PEACE CORPS CBT: DAY TO DAY

That is the sentence that starts my every day. I wake up to roosters and motorcycle engines outside my window. I sit down to a breakfast of rice and tortong talong. My host sister and brothers leave for school and I walk down the dusty paved road toward the Peace Corps staff house for class. On my walk I greet everyone: “Magandang Umaga Po!”. Curious eyes watch as I walk around kal-asos and trykes, or as I squish to the side of the road as a large truck comes through. Mornings are usually language sessions and during breaks, we walk less than 100 paces to stand on the seashore. We stretch our legs, stand in the surf, and breathe in the salty air. We break at lunch and I head home where Kuya greets me. He makes me food for lunch, usually chicken (manok), and of course, rice. Little Job is usually home from Kinder-one by then and he hides behind my chair and pokes me while I eat. The afternoon rolls in and I accept the slow melting feeling that will loom over me for the rest of the day.

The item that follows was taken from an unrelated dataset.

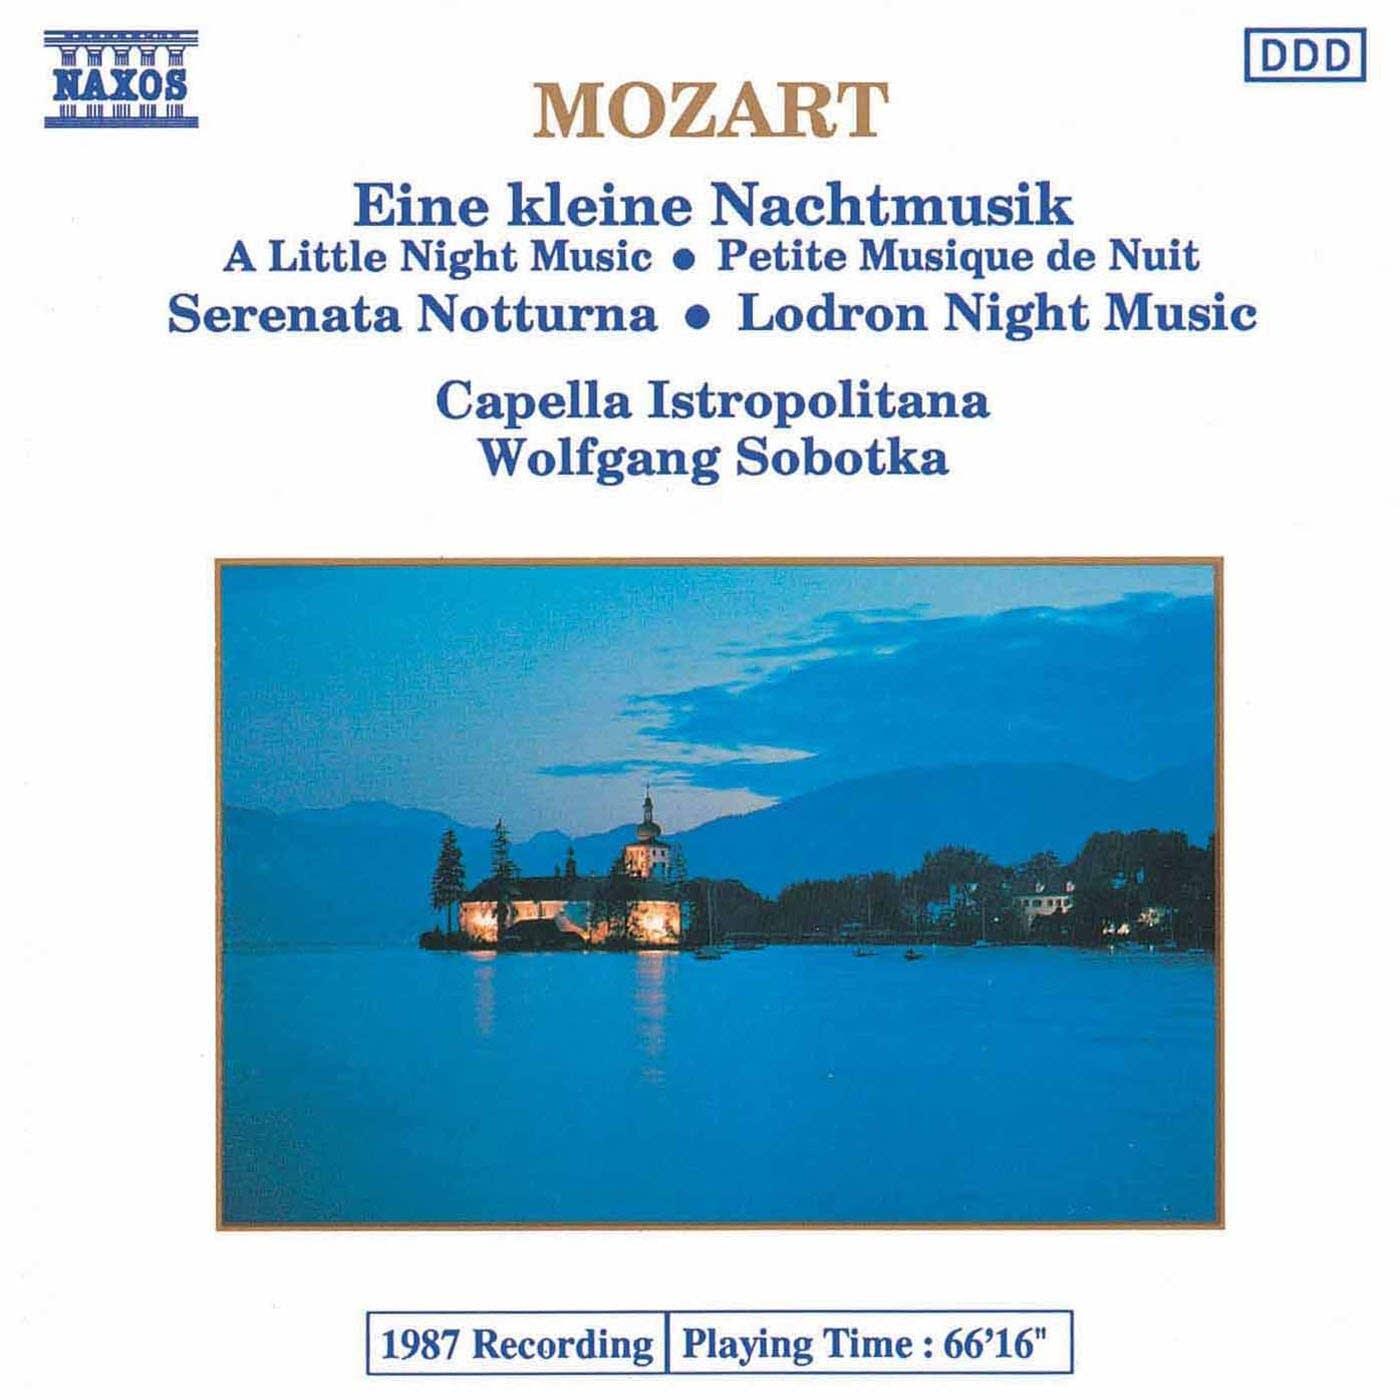 Daily Download: Wolfgang Amadeus Mozart - Eine kleine Nachtmusik

The afternoons are usually technical sessions. The past two weeks have consisted of learning to perform coral seagrass and mangrove assessments, learning fish coral seagrass and mangrove identification, in both English and Tagalog, and learning to perform a participatory coastal resource assessment. To say it’s been a busy couple of weeks is an understatement. But sitting on the edge of a pump boat at 7am waiting to jump into the water and assess coral is a pretty great way to start the work week.

To say it’s been a busy couple of weeks is an understatement.

When I come home at night I am greeted by ‘Ate Chelsea, Ate Chelsea!’ And hugs from little Job and Denise. I live with an Ate and Kuya. They have a daughter and two sons, but several cousins live close by so there are always kids around. The kids and I enjoy coloring, countless games of monkey monkey (go fish), and reading. At night everyone watches television and does their homework. We eat dinner, and I go to bed to the sound of videoke, kal-asos, and my fan turned on its highest setting.

…each day brings unique unexpected moments of being present.

Aside from my daily schedule each day brings unique unexpected moments of being present. Whether it’s drinking the best buko juice I’ve ever had from freshly cut coconuts on a beachside goat farm (and subsequently getting that coconut stolen by a goat), or dancing with the Ates at a birthday party while singing videoke. I’m amazed at the world of the Philippines as it unfolds before me.